### [Problem statement]
Which lines run from the line with "Alternate view of" through the line with "Some members of" in the entries below? Print them exactly, both ends included, and nothing more.

### [Records for this exercise]
==============================
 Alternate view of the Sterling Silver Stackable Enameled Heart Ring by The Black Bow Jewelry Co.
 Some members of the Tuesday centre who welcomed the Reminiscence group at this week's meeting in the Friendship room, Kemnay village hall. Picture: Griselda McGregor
==============================
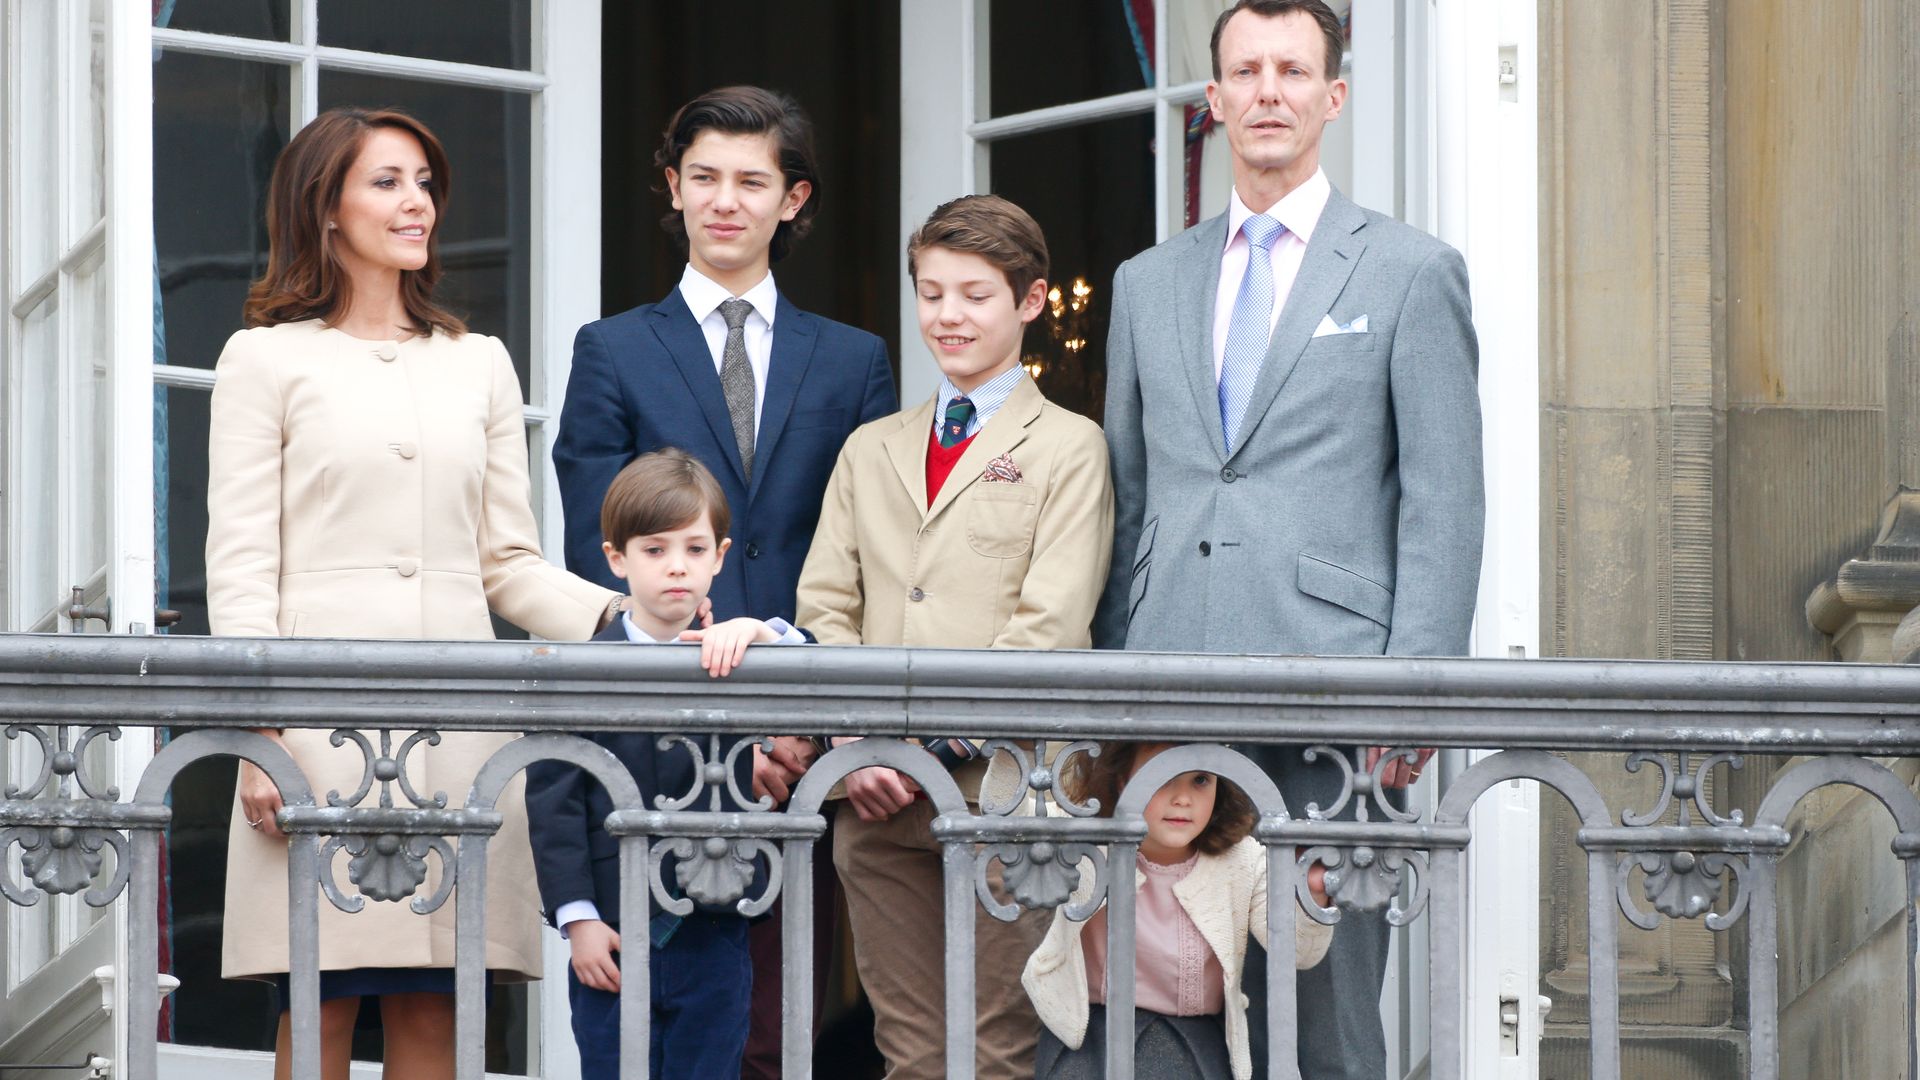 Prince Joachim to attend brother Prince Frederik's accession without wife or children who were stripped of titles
==============================
### [Solution]
 Alternate view of the Sterling Silver Stackable Enameled Heart Ring by The Black Bow Jewelry Co.
 Some members of the Tuesday centre who welcomed the Reminiscence group at this week's meeting in the Friendship room, Kemnay village hall. Picture: Griselda McGregor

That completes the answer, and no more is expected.